Member of the National Assembly for Val-d'Oise's 10th constituency
- Incumbent
- Assumed office 21 June 2017
- Preceded by: Dominique Lefebvre

Personal details
- Born: 26 May 1984 (age 41) Niort, France
- Party: LFI (since 2024)
- Other political affiliations: PS (2002–2017) LREM (2017–2020) ND (2020–2022) EÉLV (2022–2024)
- Alma mater: University of Limoges

= Aurélien Taché =

French politician

Aurélien Taché (/fr/; born 26 May 1984) is a French politician who was elected to the French National Assembly on 18 June 2017, representing the department of Val-d'Oise.
He was elected in 2017 as a member of La République En Marche! (LREM) but left the party in 2020, and joined the short-lived Ecology Democracy Solidarity group, then The New Democrats. In 2022, he was re-elected as a New Democrat, as part of the NUPES group.

==Political career==
In parliament, Taché serves on the Committee on Social Affairs, where was his parliamentary group's coordinator from 2017 until 2018, and the Finance Committee. In addition to his committee assignments, he is part of the French-Tunisian Parliamentary Friendship Group and the French-Ukrainian Parliamentary Friendship Group.

Led by Taché, Hugues Renson and Matthieu Orphelin, around 20 members of the LREM parliamentary group established a sub-group in late 2018 with a "wish to express a humanist, social and ecological sensibility and to better raise citizens' concerns"; the initiative was widely interpreted as the launch of a left-wing faction within the group. In May 2020, he joined seven lawmakers in leaving LREM to join the new Ecology, Democracy, Solidarity group, depriving the president of an outright majority and raising pressure for more left-wing policies. and joined the Ecology Democracy Solidarity group. By June, he and five other ex-LREM deputies announced establishment of #Nous Demain, a "humanist, ecologist and feminist" political movement. He then joined The New Democrats.

==Political positions==
Taché was considered a close ally of President Emmanuel Macron.

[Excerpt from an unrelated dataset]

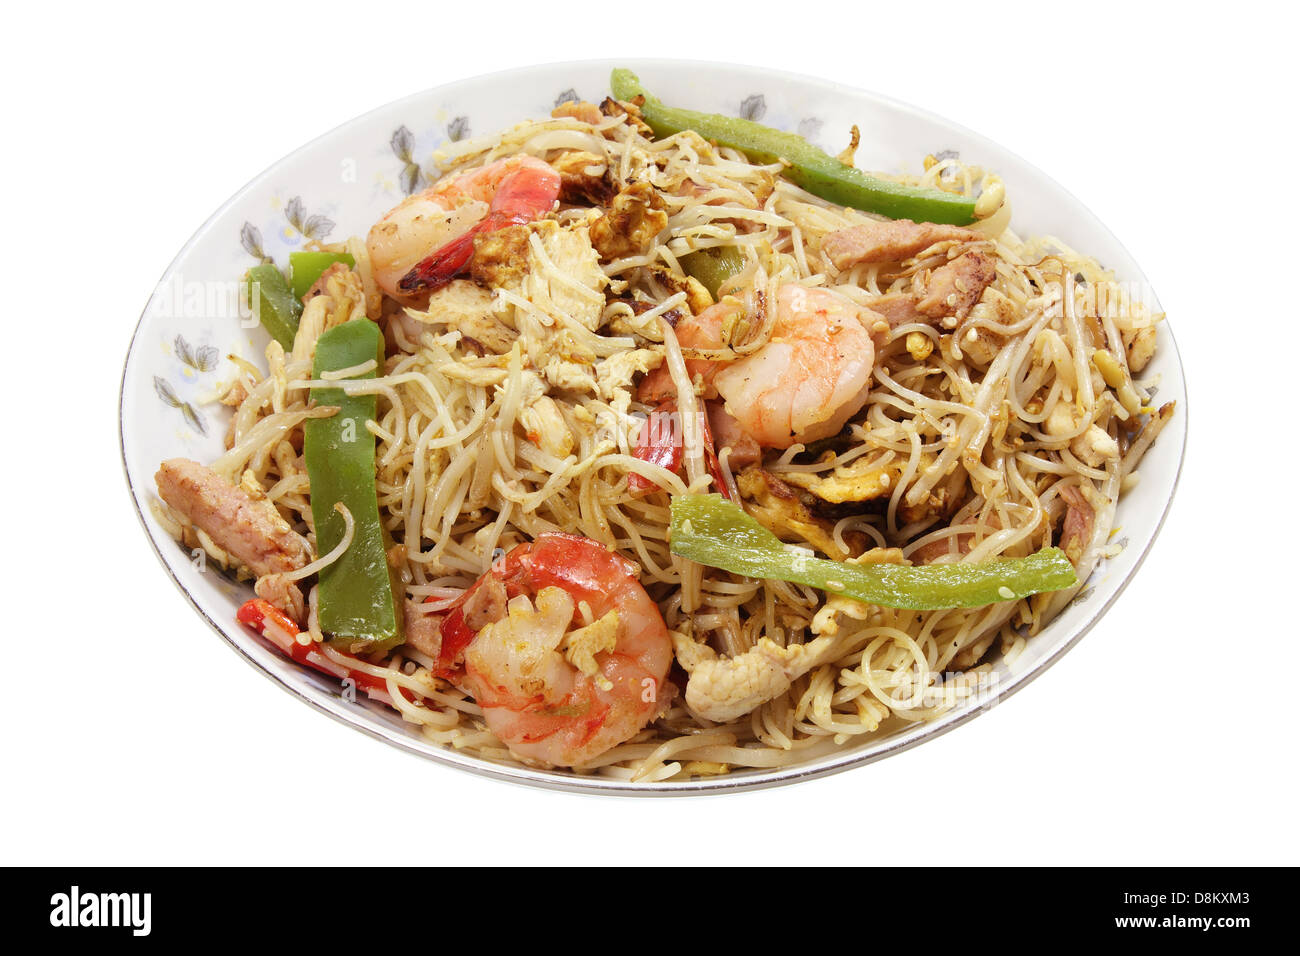 Fried rice and prawns Cut Out Stock Images & Pictures - Alamy

In May 2018, Taché co-sponsored an initiative in favour of a bioethics law extending to homosexual and single women free access to fertility treatments such as in vitro fertilisation (IVF) under France's national health insurance; it was one of Macron's campaign promises and marked the president's first major social reform of his five-year term.

In early 2018, Taché was one of several LREM members who joined an informal parliamentary working group on Islam set up by Florent Boudié in order to contribute to the government's bill aimed at better organising and supervising the financing of the Muslim faith in France. In 2019, he was one of five members of the LREM parliamentary group who joined a cross-party initiative to legalize the distribution and use of cannabis.

Ahead of the Green movement's primaries in 2021, Taché endorsed Éric Piolle as the movement's candidate for the French presidential election in 2022.

In 2022, he was re-elected as a New Democrat, as part of the NUPES group.

==Controversy==
In October 2019, Taché publicly criticized his fellow LREM member and Minister of Education Jean-Michel Blanquer in an interview with Le Point over the latter's opposition to a woman's right to wear a hijab when accompanying school children. As a consequence, Blanquer issued a complaint against Taché at the LREM leadership and asked for a sanctions to be imposed on him.

In April 2021, Taché was denied access to the international zone of Charles de Gaulle Airport when he wanted to meet a group of Algerian nationals who had been stranded at the airport for a month and a half because of the COVID-19 pandemic.

In December 2022, Taché was criticised for interrupting a play about former president François Mitterrand.